Queen Anne's Bounty Act 1707
- Parliament of Great Britain
- Long title: An Act to inlarge the time for returning the certificates of all ecclesiastical livings, not exceeding the yearly value of fifty pounds; as also for discharging all livings of that value from the payment of first-fruits; and for allowing time to archbishops and bishops, and other dignitaries, for payment of their first-fruits.
- Citation: 6 Ann. c. 54; 6 Ann. c. 27;
- Territorial extent: Great Britain

Dates
- Royal assent: 1 April 1708
- Commencement: 23 October 1707
- Repealed: 16 July 1926

Other legislation
- Amended by: Statute Law Revision Act 1887; Statute Law Revision Act 1888;
- Repealed by: First Fruits and Tenths Measure 1926

Status: Repealed

Text of statute as originally enacted

= Queen Anne's Bounty Act 1707 =

Act of the Parliament of Great Britain

The Queen Anne's Bounty Act 1707 (6 Ann. c. 54) was an act of the Parliament of Great Britain. It was one of the Queen Anne's Bounty Acts 1706 to 1870.

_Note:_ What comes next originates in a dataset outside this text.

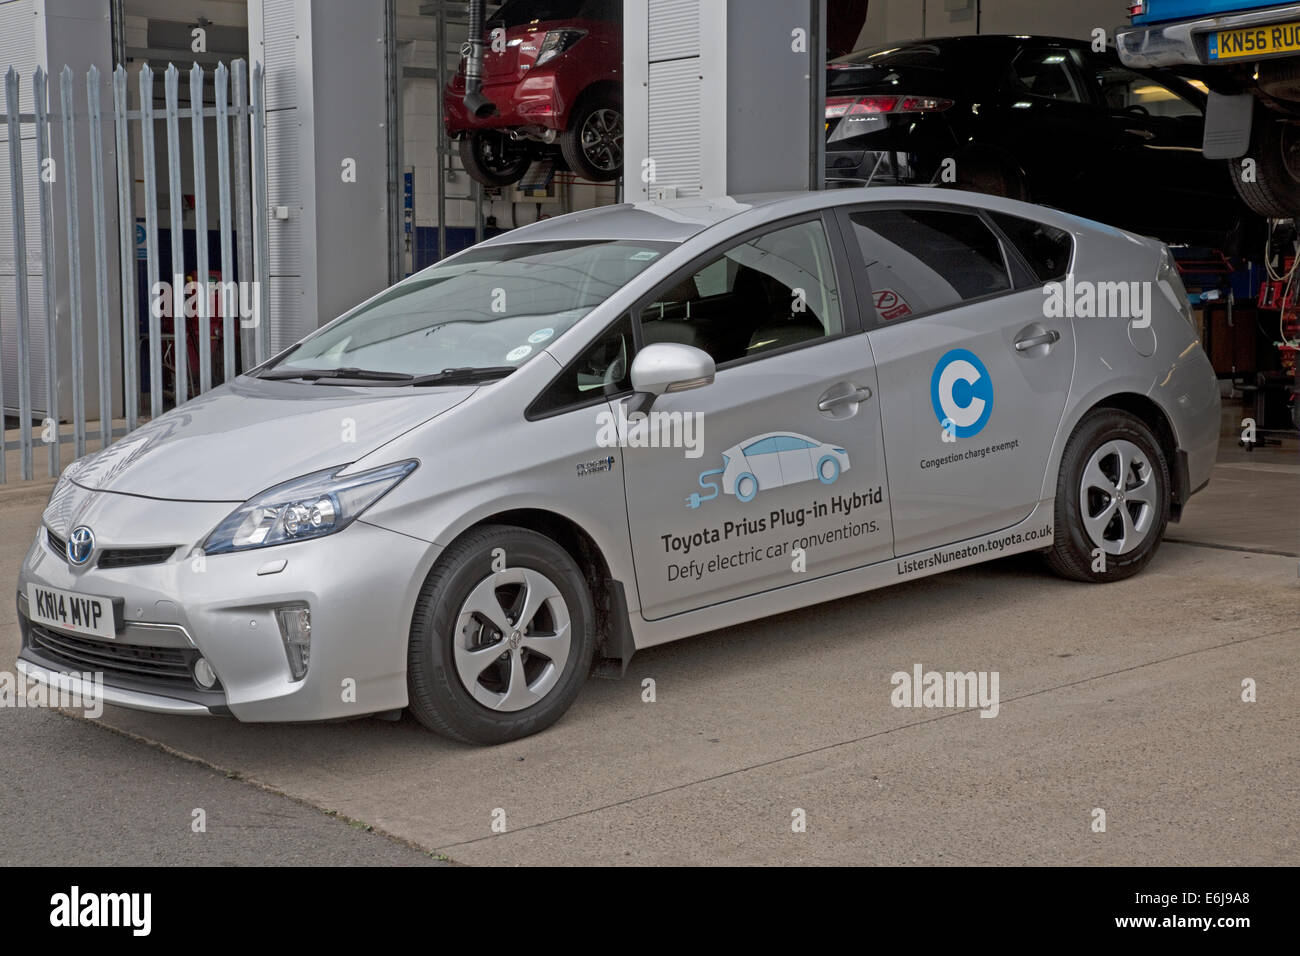 Toyota Prius Plug In OLEV ultra low emission mid-size plug-in hybrid electric vehicle parked Stock Photo

The act is chapter 27 of 6 Ann. in common printed editions.

== Subsequent developments ==
Sections 2 and 3 and 4 were repealed by section 1 of, and the schedule to, the Statute Law Revision Act 1887 (50 & 51 Vict. c. 59).

The whole act was repealed by section 6 of, and schedule 2 to, the First Fruits and Tenths Measure 1926 (No 5), which came into force on 16 July 1926.